XiaoxiaoWang87 · 2016-09-08T22:50:30Z

Here is how I do the partial dependence plots (for an arbitrary model):

Scan a grid of values for feature X.
For every grid value of feature X:
- Set the entire feature X column (all rows) to this value. Other features unchanged.
- Make predictions for all rows.
- Take the average of prediction.
The resulting (X feature value, average prediction) pairs give you the X feature partial dependence.

Code:

def plot_partial_dependency(bst, X, y, f_id):

    X_temp = X.copy()

    x_scan = np.linspace(np.percentile(X_temp[:, f_id], 0.1), np.percentile(X_temp[:, f_id], 99.5), 50)
    y_partial = []

    for point in x_scan:

        X_temp[:, f_id] = point

        dpartial = xgb.DMatrix(X_temp[:, feature_ids])
        y_partial.append(np.average(bst.predict(dpartial)))

    y_partial = np.array(y_partial)

    # Plot partial dependence

    fig, ax = plt.subplots()
    fig.set_size_inches(5, 5)
    plt.subplots_adjust(left = 0.17, right = 0.94, bottom = 0.15, top = 0.9)
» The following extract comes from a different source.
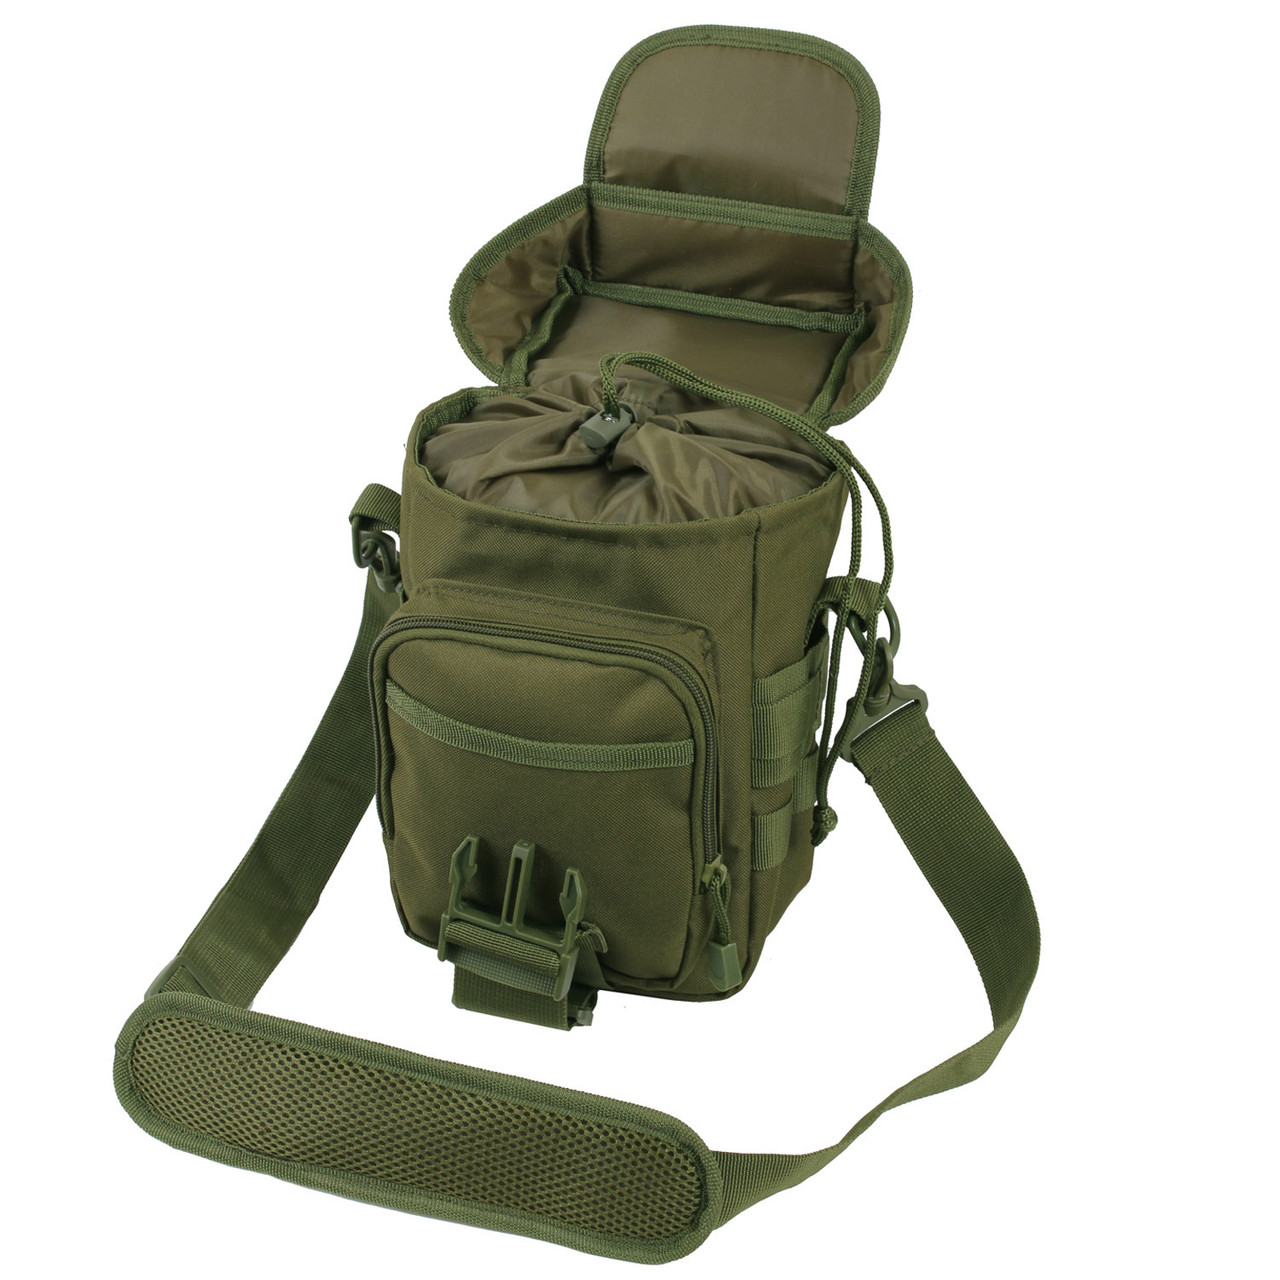 Ammo Utility Shoulder Bag - Fox Outdoor

    ax.plot(x_scan, y_partial, '-', color = 'black', linewidth = 1)
    ax.plot(X[:, f_id], y, 'o', color = 'blue', alpha = 0.02)

    ax.set_xlim(min(x_scan), max(x_scan))
    ax.set_xlabel('Feature X', fontsize = 10)    
    ax.set_ylabel('Partial Dependence', fontsize = 12)

hetong007 · 2016-09-08T23:06:26Z

Thanks for the guidance! I realized that I made a silly mistake in the plot. Here's another test on an univariate data, the plot seems fine:

set.seed(1024)
x = rnorm(1000, 10)
y = -1*x + rnorm(1000, 0.001) + 3*sin(x)
train = matrix(x, ncol = 1)

bst = xgboost(data = train, label = y, max_depth = 2,
               eta = 0.1, nthread = 2, nrounds = 100,
               monotone_constraints = '(-1)')
pred = predict(bst, train)
ind = order(train[,1])
pred.ord = pred[ind]
plot(train[,1], y, main = 'with constraint', pch=20)
lines(train[ind,1], pred.ord, col=2, lwd = 5)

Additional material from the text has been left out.